Ultra A.I. Is very much is cyberpunk must-read. This is imperfect like a shattered gem, and equally sharp. Personal AI tied to augmented reality might lead to as much of a shift in human psychology as the internet, to put it mildly. This story serves that lifestyle extra spicy, with a dash of technological hyperbole. The text is snappy, the hard-SF elements are nearly-plausible, and the prevailing styles of different factions are clear.
And the flaws? When characterization flounders it is forgiveable. The first-person POV doesn't change much to be consistent with the active character. Some teased threads never add up which gives the story excess narrative convenience, on par with an average webnovel.

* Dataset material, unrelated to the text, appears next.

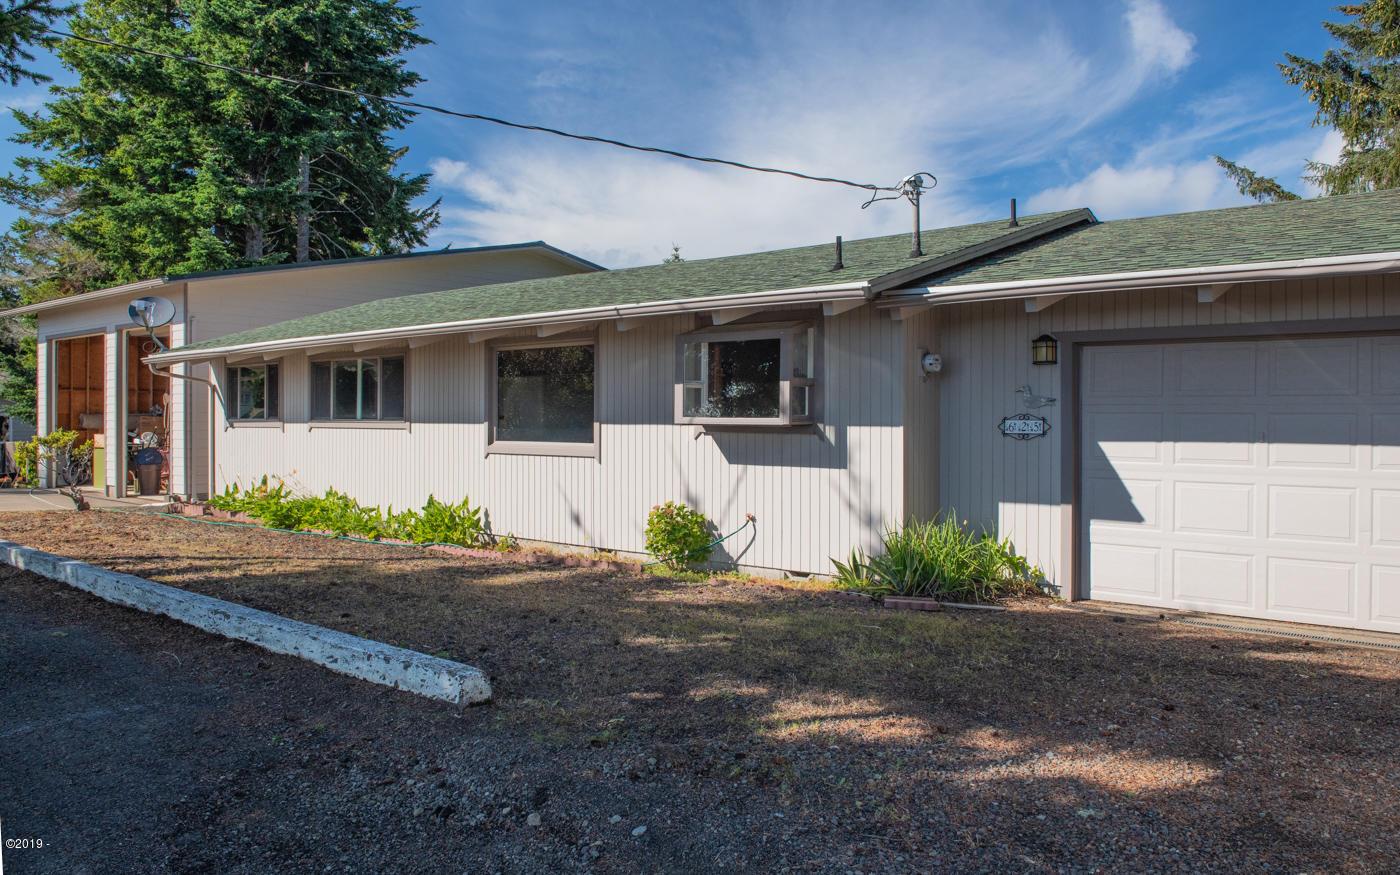 625 NE Buker, Waldport, OR 97394 - Front of home.

Ultra A.I. Begins like a near-future punk progressive-or-anarchist manifesto, slides into ramifications and capitalist technofuedalist realism, and concludes in a swing at mindf**k. For cyberpunk geneology this would be modern individual concerns, then the Bruce Sterling anarchism of Bicycle Repairman, gradually more a sober (cynic) cyber-realism style exemplified in Corey Doctorow journalism, and finally the clumsy but palatable strangeness ending Neil Stephenson's Snow Crash. Anything about the second book would be spoilers and I'll ignore it.
I'd have editorial complaints if this wasn't published serially. Aw hell why not rant.
If the second arc is so important it should be integrated into the first with a stronger connection like deja vu and VR. After all, the story already revolves around AI filling in and utilizing the cognitive gap of presque vu. If the jarringly different second arc gains traction someday after hiatus, maybe a smooth way to interleave the plots will stick out. The first arc reads like a strong late draft. The second arc reads like either a chain of interstitial vignettes, an early draft of a sequel, or a middle draft like what gets revised into a completely different book.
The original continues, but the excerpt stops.